Week 6 - Immunodeficiency

Question 1

Basic cause of X-linked SCID and what it affects

Answer 1

Mutated in the IL-2R(gamma) cytosine receptor

T cells and NK cells fail - B cells still technically ‘working’ BUT can’t actually function due to the lack of helper T cells

Question 2

ADA SCID

Answer 2

Lack of the enzyme adenosine deaminase which catalysis the irreversible conversion of adenosine to inosine and deoxyadenosine to deoxyinosine.

Depletion of T, B and NK cells

Question 3

Hyper IgM syndrome

Answer 3

Lots of IgM antibodies and hardly any other antibodies

Body more susceptible to infection

Question 4

FoxN1 deficiency

Answer 4

Lack of fox1 protein which guides epithelial cells to produce hair follicles and toe nails/finger nails.

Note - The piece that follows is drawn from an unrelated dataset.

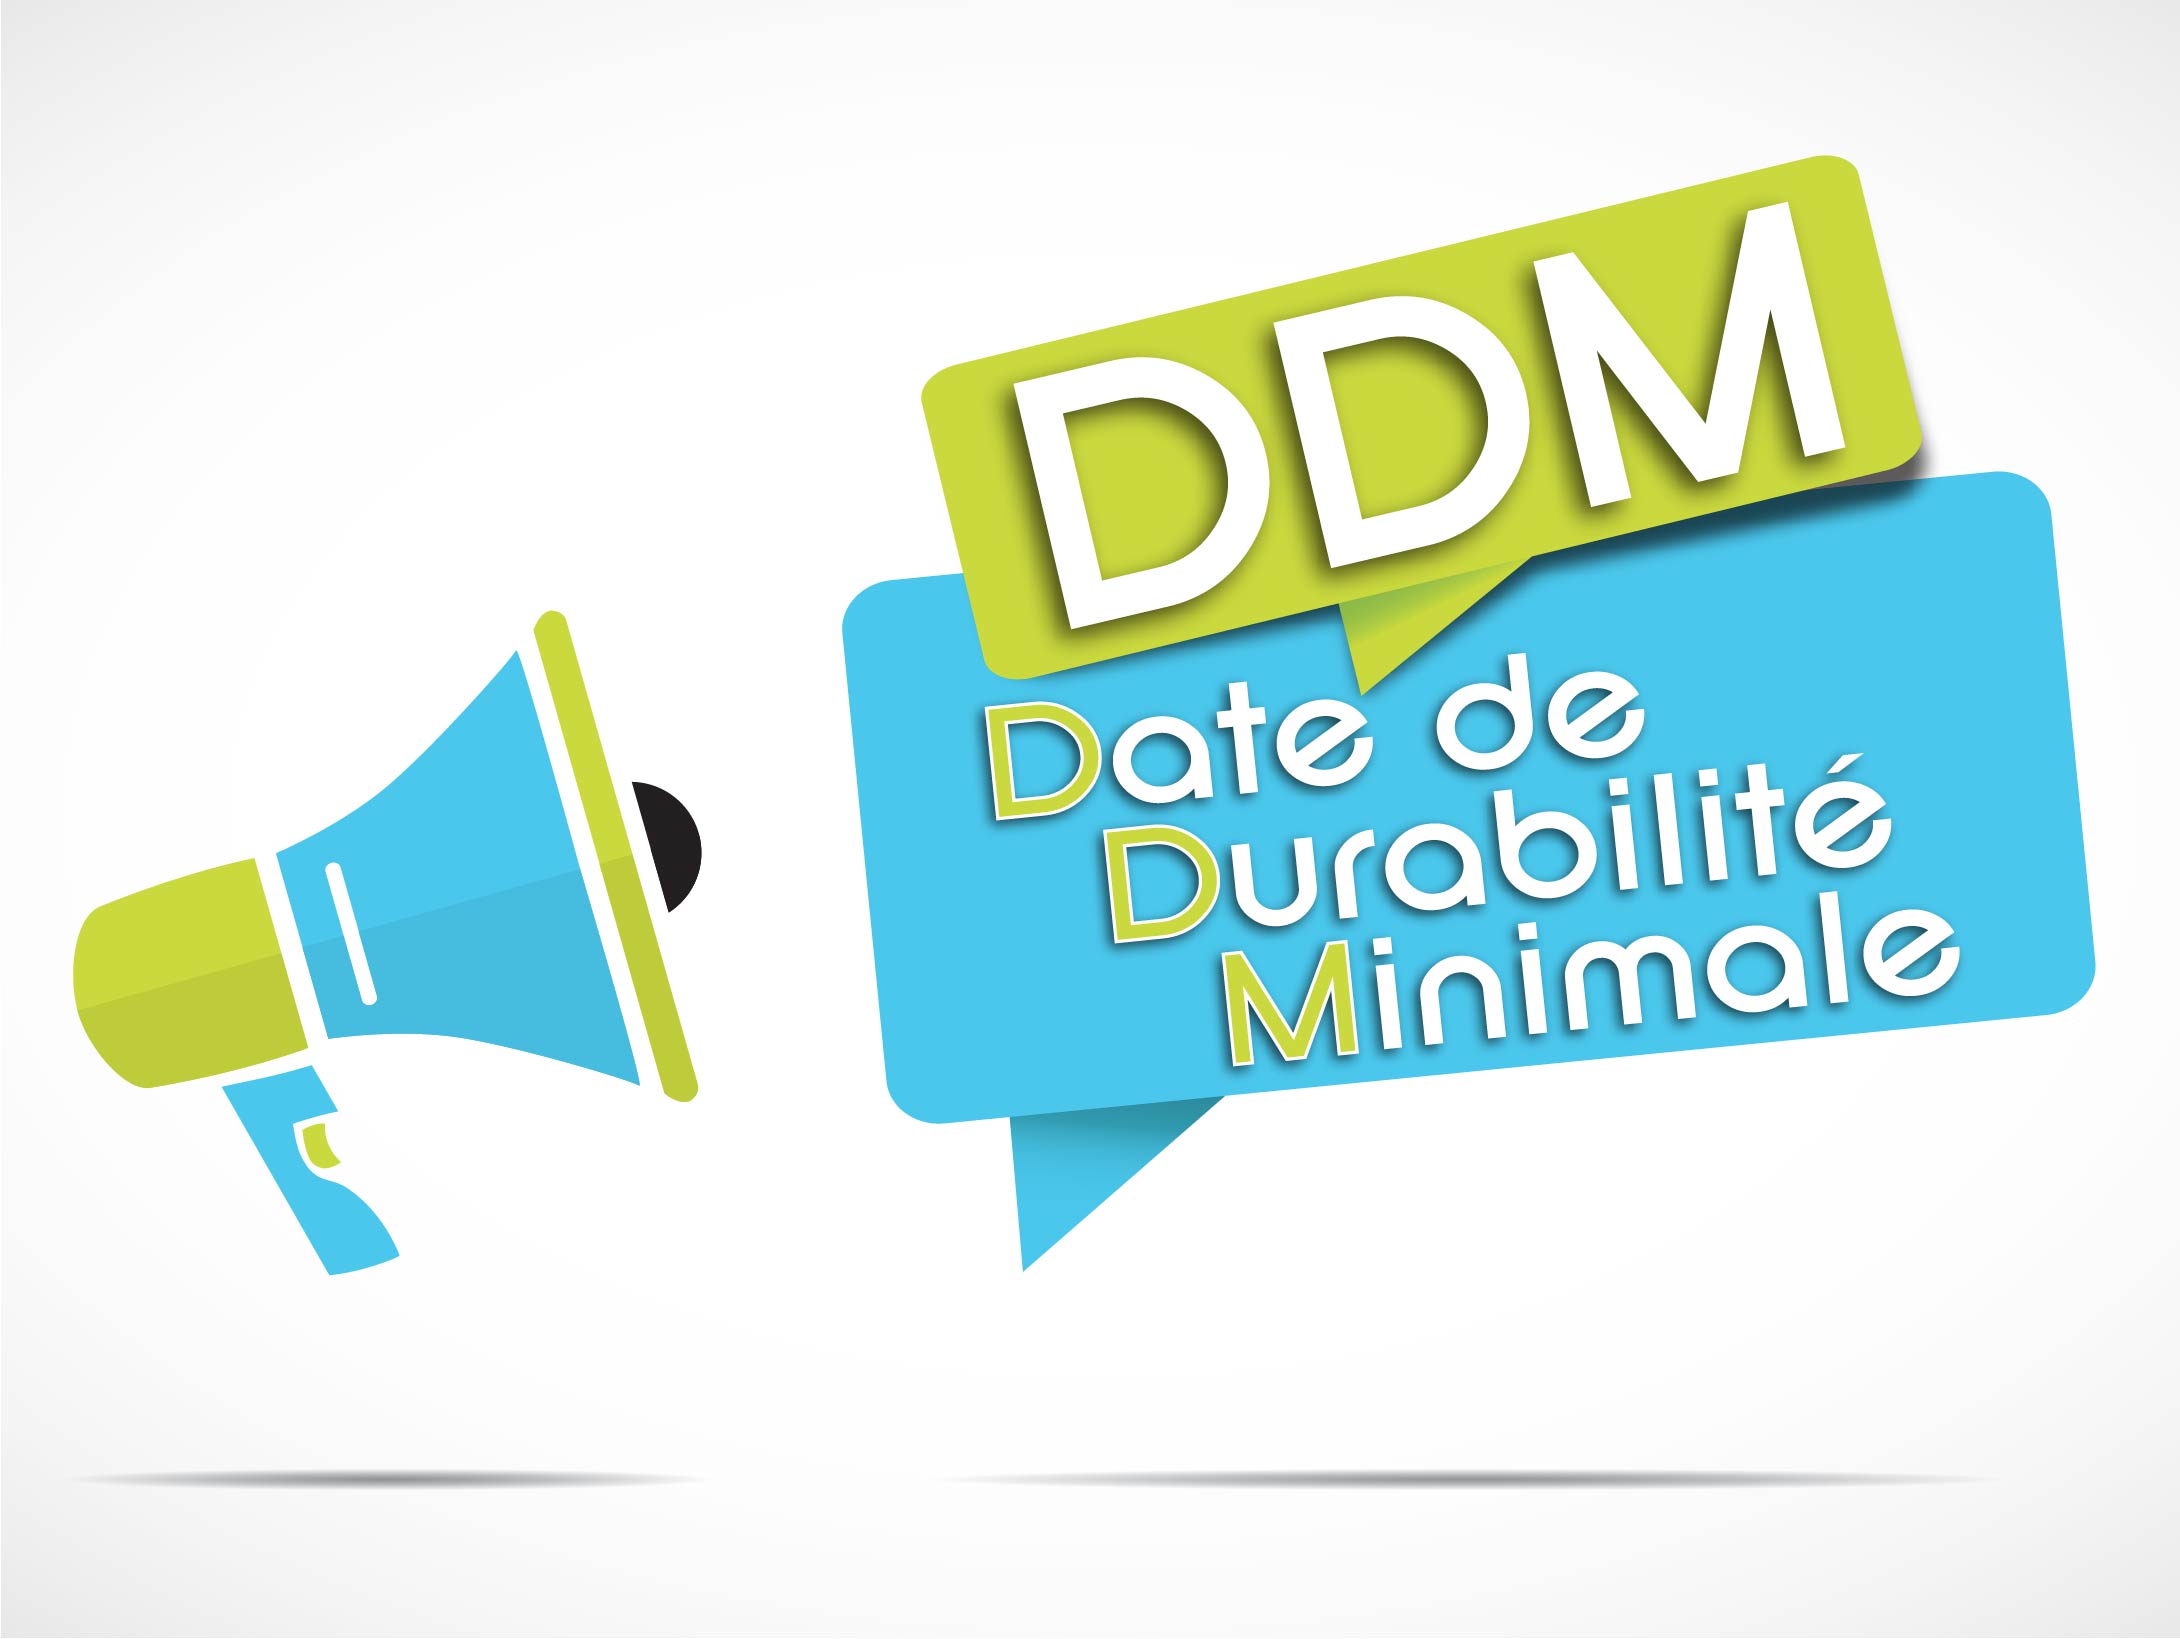 DDM- Date de durabilité minimale

Syndromic dysmorphic features

Question 5

Brutons Agammaglobulinaemia

Answer 5

Mutation in Bruton’s A tyrosine-kinase gene

Causing prevention of B cell production

No antibody production - recurrent infection

Question 6

IgA deficiency

Answer 6

Interleukin cytokines are needed to mature lymphocytes into mature IgA plasma cells

Mild/asymptomatic

Sometimes grown out of if detected in childhood

Question 7

Chronic granulomatous disease

Answer 7

Phagocytic cells do not work since NADPH enzymes are faulty. Results in aggregation of these cells

Question 8

Familial Mediterranean fever

Answer 8

Inflammasome cannot convert pro-IL-1 to IL-1 which normally drives inflammation!